National Blood Donor Month Shouldn’t End There
By Richard P. Console, Jr., an advocate for blood donation whose life has personally been touched by the generosity of blood donors. To read the unabridged article, please click here.
If you could save a life, would you? For ninety-five percent of eligible Americans, the answer apparently is, no.
We as a society talk a lot about saving lives. We talk about gun control, substance control, speeding control, defective products, fire hazards, and infectious diseases. Too often, maybe, we talk about only big-picture changes. We ask what kind of federal or state regulations should be passed to save lives, knowing that, in the tangle of red tape that accompanies any such process, more lives will be lost, often for no reason at all.
Maybe we don’t talk enough about what we, as individuals, can do.
I’m not recommending that you run into a burning building to save a baby, or anything like that. Though they are noble professions, I’m not asking you to quit your day job and instead volunteer as an EMT or firefighter, either. What I’m proposing, and what the families of 5,000,000 critically injured or ill patients pray for each year, is that you consider taking just one single hour out of your life to give something priceless: blood.
January was National Blood Donor Month, and though local and national news agencies promote the event every year, blood supply levels remain low. Only five percent of those eligible to donate actually do, according to the Mayo Clinic. The truth is, though we know such a thing as blood donation exists, though we hear about the Red Cross on the news, one of the most common reasons people give for not donating blood is that they simply don’t think about it.
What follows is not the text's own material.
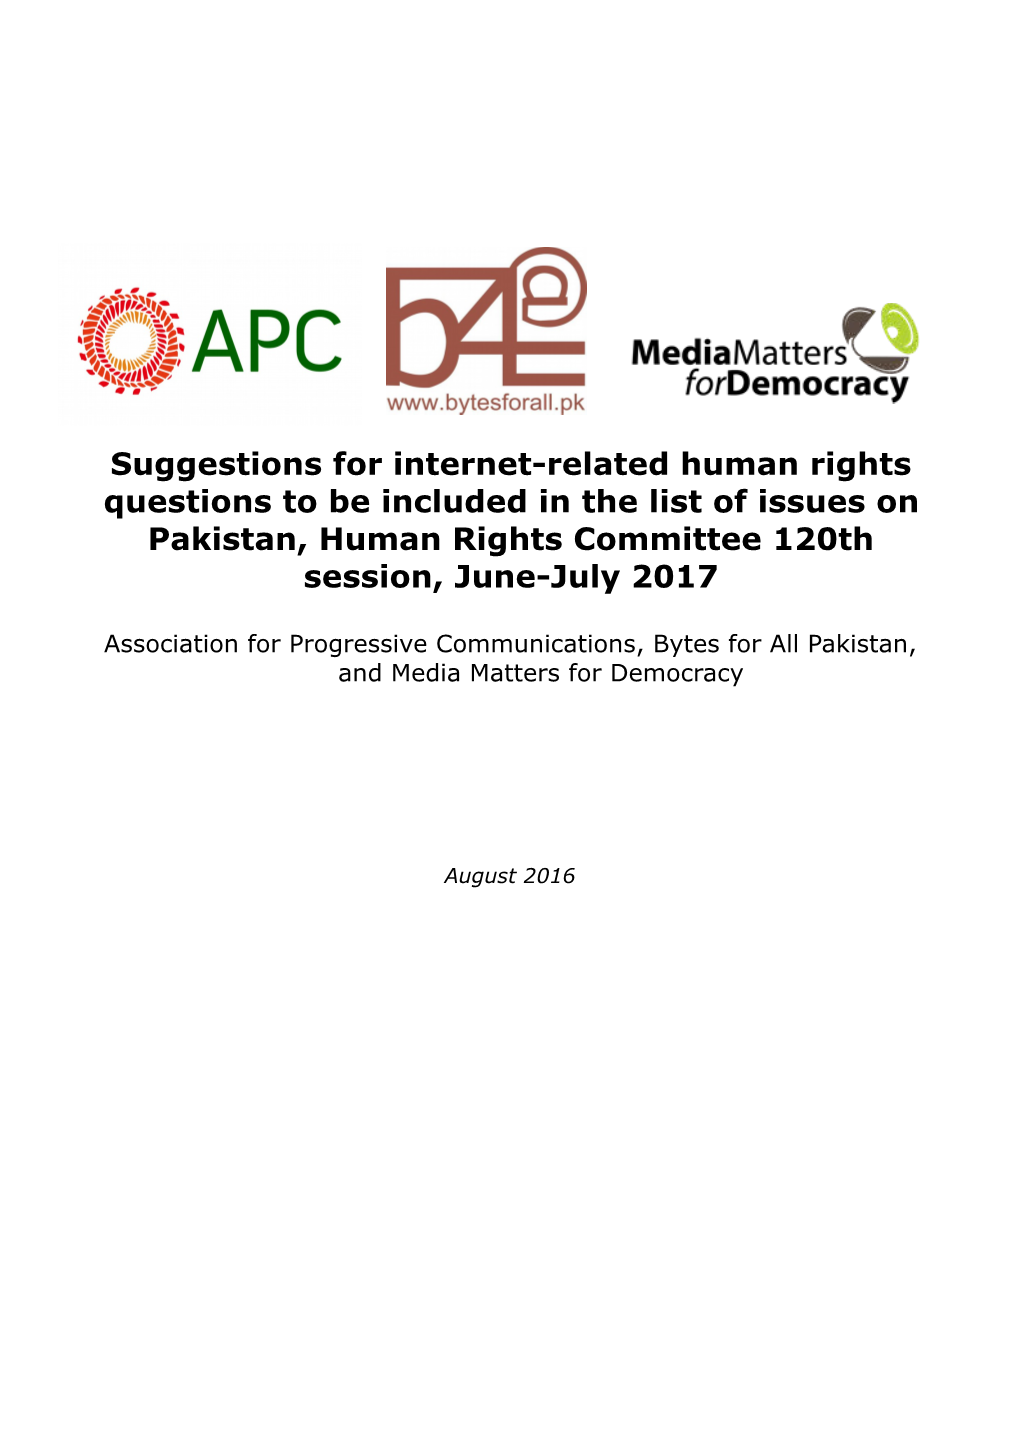 Suggestions for Internet-Related Human Rights Questions to Be Included in the List of Issues on Pakistan, Human Rights Committee 120Th Session, June-July 2017

No one wants to think about giving blood, but not because no one cares. In reality, no one wants to believe that a blood supply shortage could ever affect their lives personally. You don’t want to imagine what it would be like if you or your spouse, your children, your siblings, or your best friend were the one who needed blood.
I hope you never need a blood transfusion. I hope that no one you love ever has to rely on the selflessness of blood donors just to make it through the night. When someone in the United States needs a transfusion every two seconds, as the American Red Cross reports, those odds aren’t in anyone’s favor. The Mayo Clinic reports that 25 percent of Americans will need a blood transfusion at some point during their lives.
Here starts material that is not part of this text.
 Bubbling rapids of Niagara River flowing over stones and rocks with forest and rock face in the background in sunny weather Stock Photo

Let me tell you with absolute sincerity that having been on the other side of the situation as the loved one of a critically injured accident victim, the people who take that hour to donate are heroes.
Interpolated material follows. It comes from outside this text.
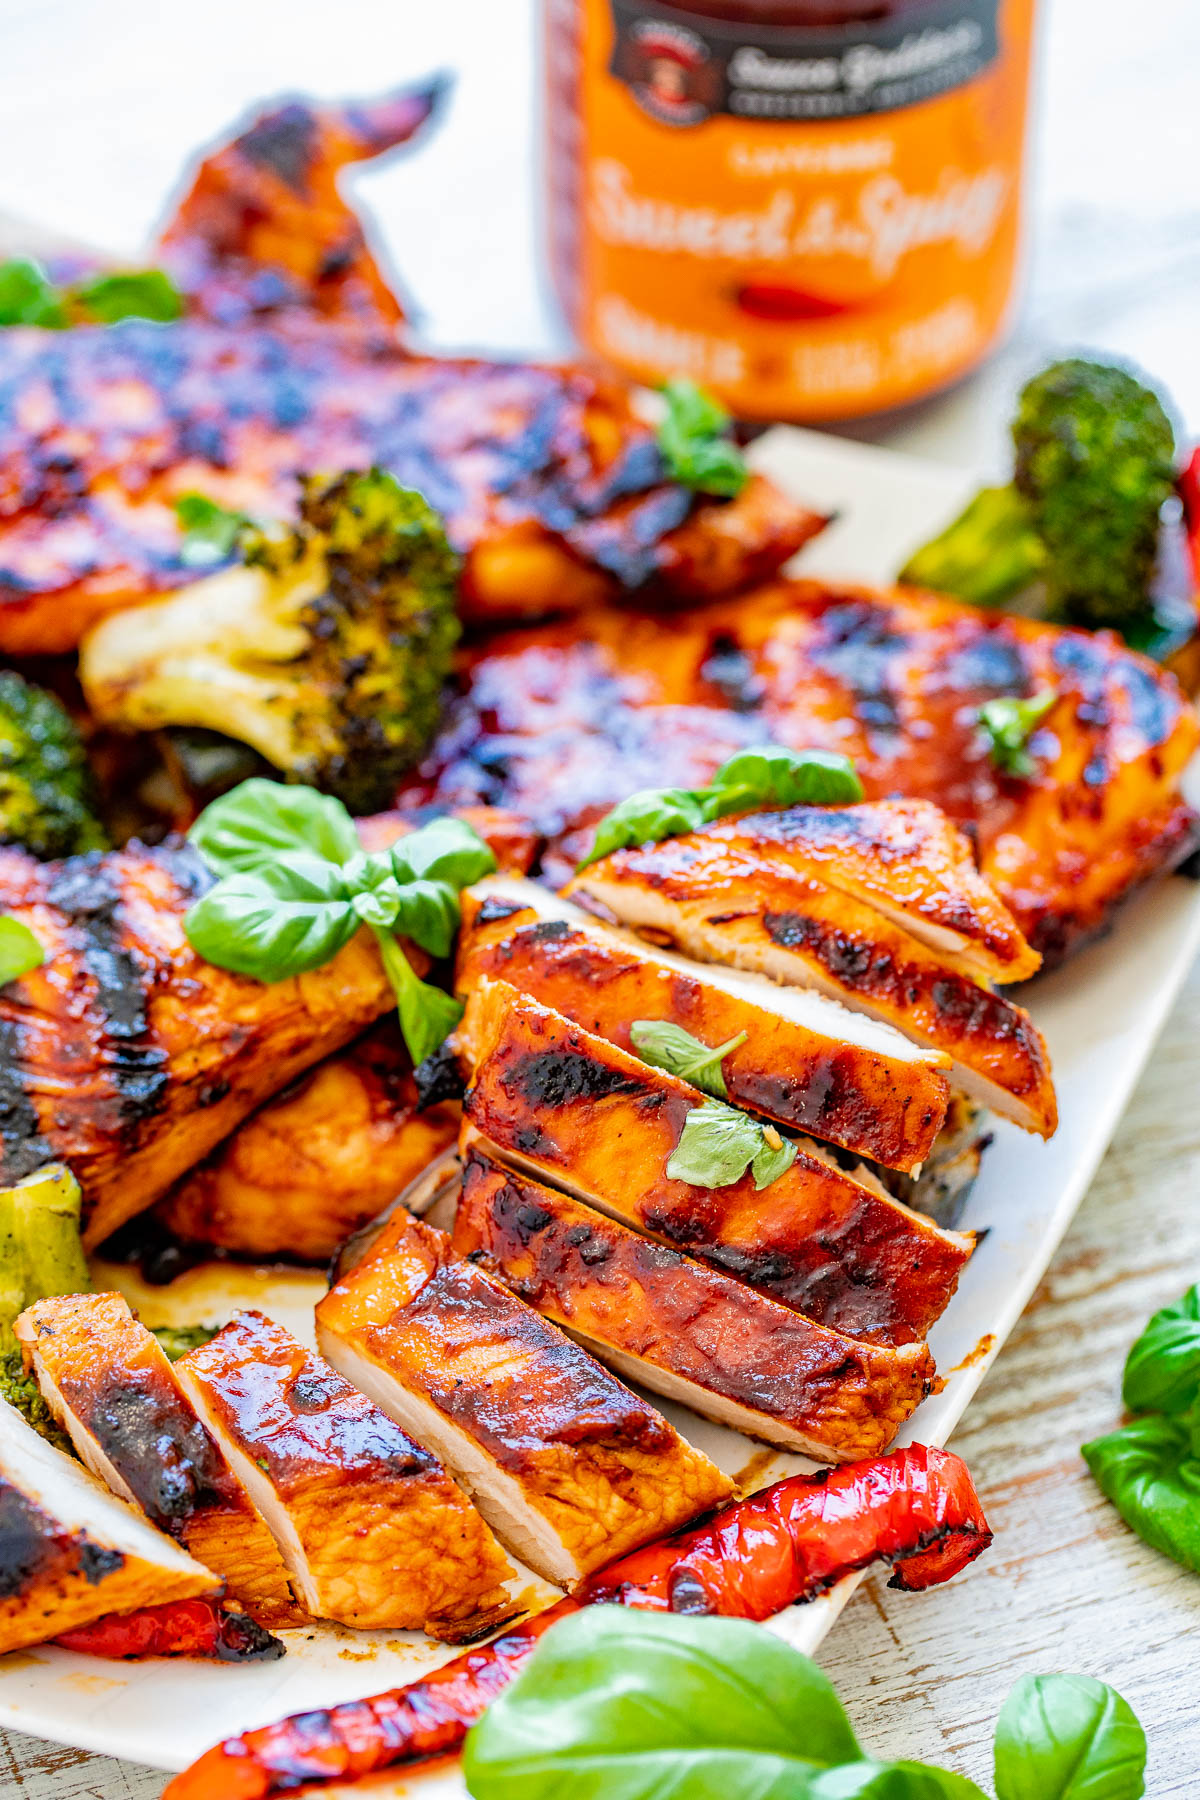 Grilled Sweet and Spicy Basil Chicken - EASY, amazing, PERFECTLY grilled chicken that's sweet-and-spicy with tons of FRESH basil flavor! Learn how to make the BEST grilled chicken and serve it with a side of lightly charred grilled vegetables! Perfect for summer barbecues, picnics, potlucks, and grilling season!

The Gift of Blood Donation
When you donate a single unit of blood, you can save as many as three lives. That means three people who are suffering from cancer, or who have been mangled in terrible car crashes, or who have been hurt in other unimaginably horrible accidents, don’t have to die. Three families don’t have to bury a loved one who should have had a full life left ahead of them.
The impact goes beyond numbers. There is no statistic to measure the influence of the lives saved each time a blood donor gives an hour of time and a pint of blood.